The rise of passive, index-based funds could contribute to the next big stock market crash, according to analysts at Swiss Re's Swiss Re Institute.
The analysts predict in a new 2025-2026 outlook report that a combination of lower interest rates and strong stock prices will increase U.S. life insurers' sales of fixed indexed annuities and registered index-linked annuities over the next two years, as investors look for ways to cope with falling rates on bank certificates of deposit and traditional fixed annuities.
But the analysts also suggest that the rise of index-based investing could push the prices of popular stocks and indexes up to unsustainable levels and make bad market days worse.
Many popular index funds get much of their value from holdings in the "Magnificent 7" stocks — shares issued by Alphabet, Amazon, Apple, Meta, Microsoft, NVIDIA and Tesla.
The flood of assets into a few indexes investing in a few stocks "can reduce overall market sensitivity to information and make markets less efficient to price new information," the Swiss Re Institute analysts write. "This risks building up bigger mispricings over time (i.e., over-valuations) that can leave markets more vulnerable to larger sell-offs later on."
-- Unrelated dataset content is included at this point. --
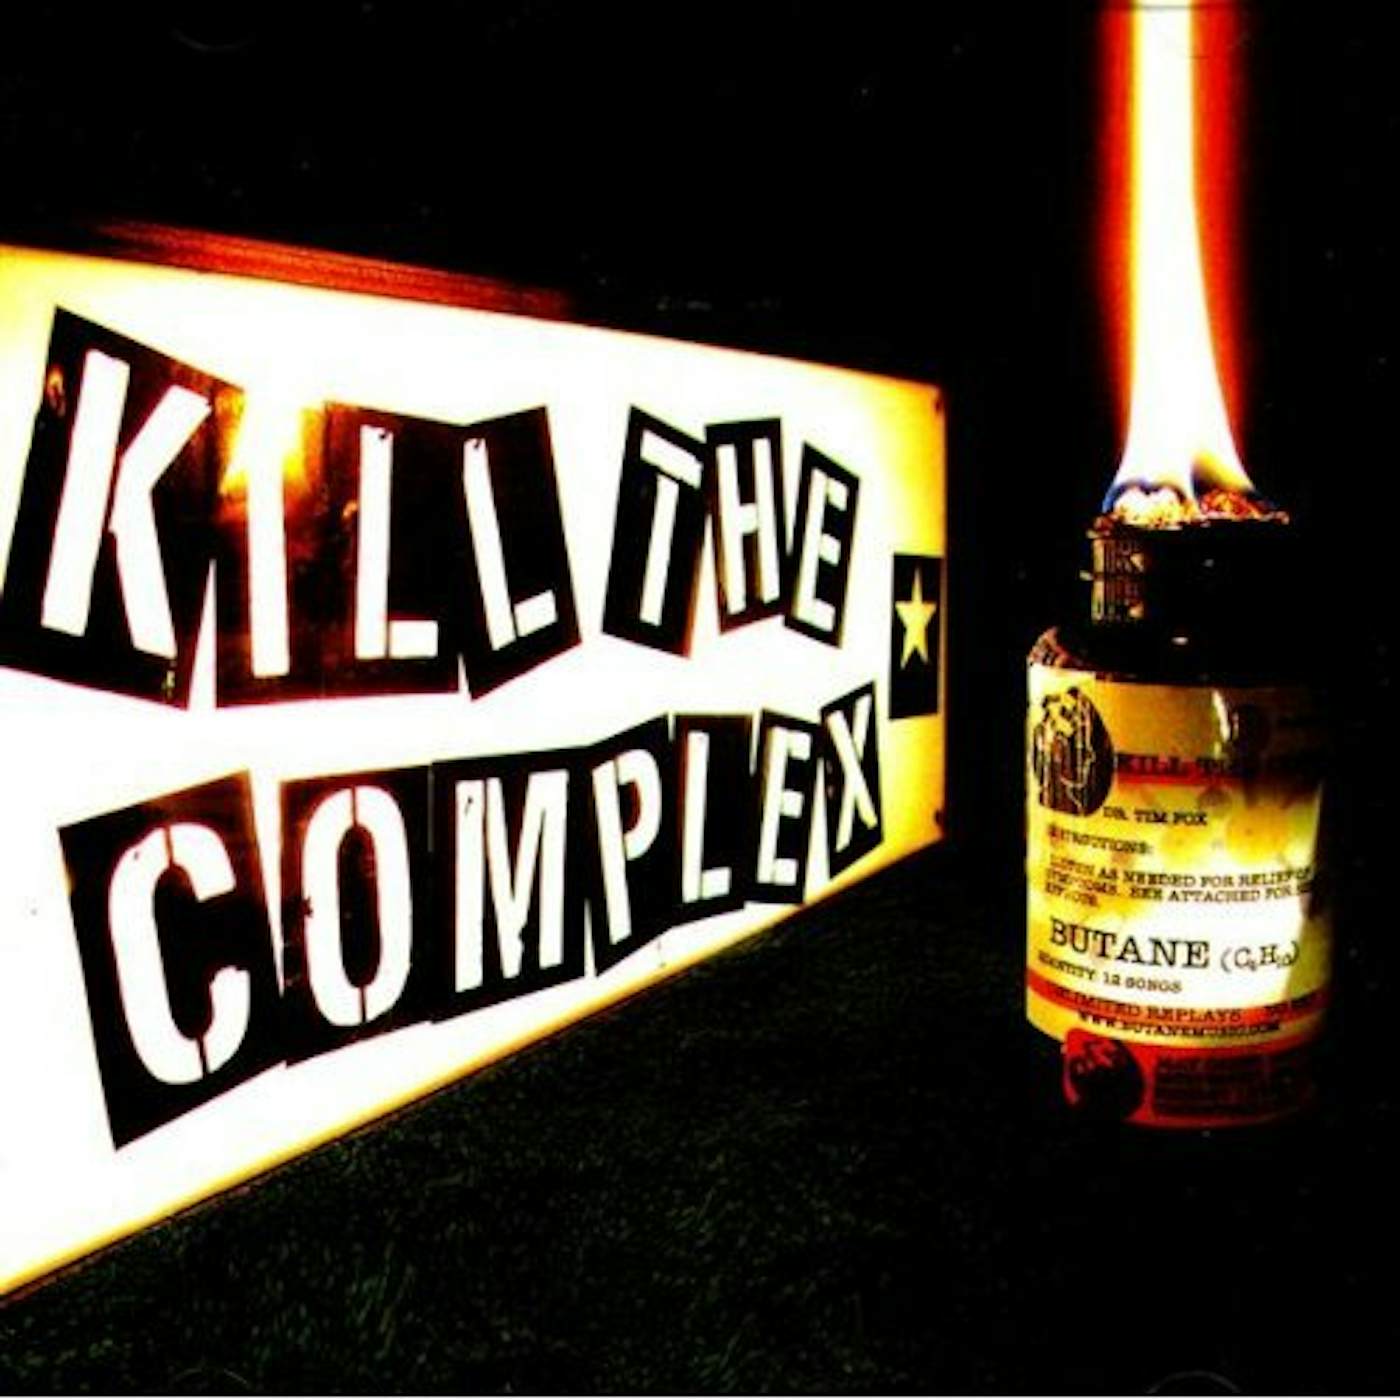 Butane KILL THE COMPLEX CD

What it means: Marc Rowan, the CEO of Athene's parent, Apollo Global Management, argued last year that investing some of the assets supporting Athene's annuities in private credit arrangements makes a lot more sense than encouraging ordinary 401(k) plan participants and individual retirement account holders to put their money in index funds that get 35% of their value from 10 stocks.
The comments in the new Swiss Re Institute outlook report may be a sign that some other investment market watchers are starting to think that Rowan might be right.
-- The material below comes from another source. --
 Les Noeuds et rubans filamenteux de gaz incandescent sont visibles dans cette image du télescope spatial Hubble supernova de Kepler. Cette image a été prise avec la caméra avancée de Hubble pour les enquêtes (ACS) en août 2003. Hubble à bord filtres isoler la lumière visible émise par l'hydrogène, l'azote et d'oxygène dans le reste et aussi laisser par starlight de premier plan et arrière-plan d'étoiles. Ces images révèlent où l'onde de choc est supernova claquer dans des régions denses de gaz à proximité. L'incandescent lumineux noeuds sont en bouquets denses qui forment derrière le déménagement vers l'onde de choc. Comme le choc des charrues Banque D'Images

The Swiss Re Institute: Swiss Re is one of the world's biggest reinsurers, meaning that it sells insurance to insurance companies.
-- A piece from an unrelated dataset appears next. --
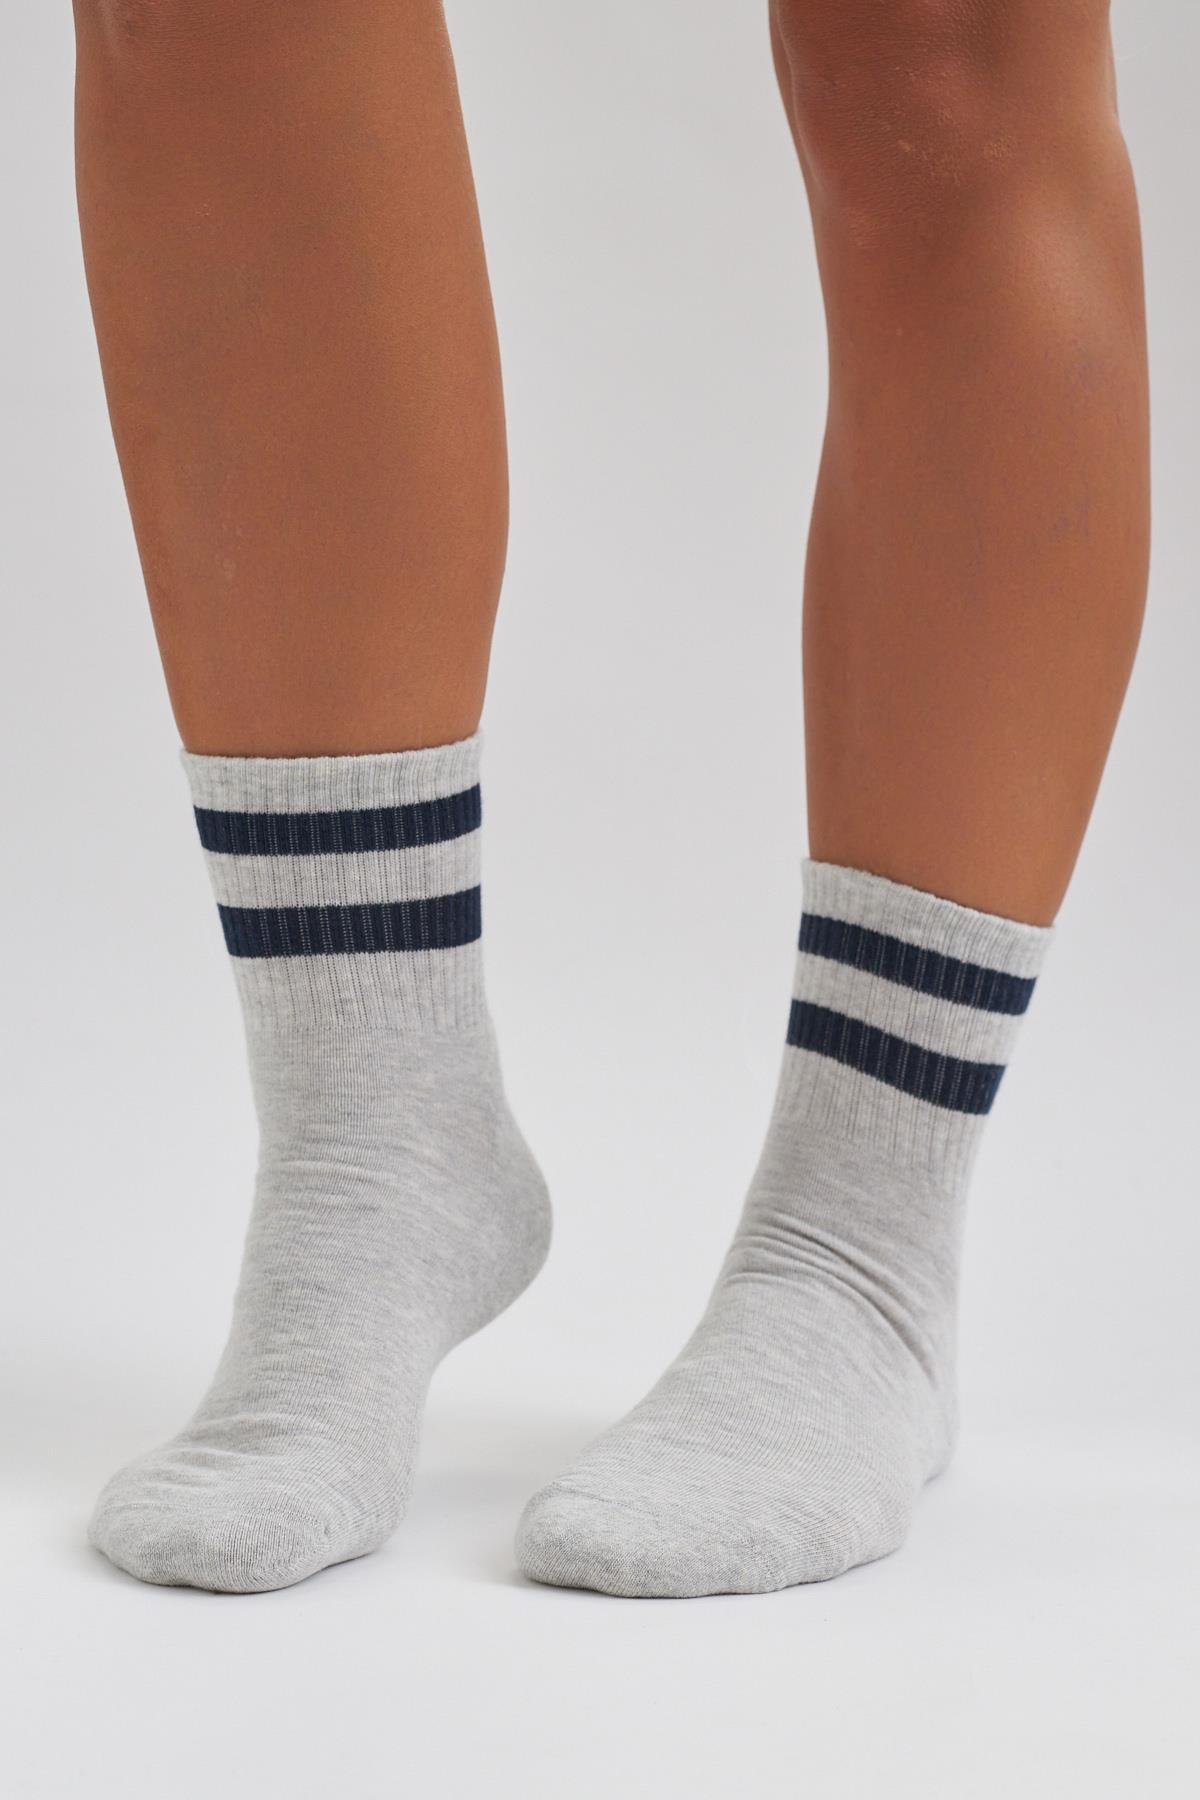 Havlu Taban Çizgili Kısa Konç Erkek Soket Çorap Gri / Siyah

Swiss Re's views of the economy and world insurance markets affect what kinds of products the ordinary insurance companies, or "direct writers," can sell and how much the products cost.
The Swiss Re Institute is a Swiss Re-owned research center that publishes widely read reports on the economy and the insurance sector.
Swiss Re emphasizes that the views expressed in the institute's reports do not necessarily reflect Swiss Re's own positions.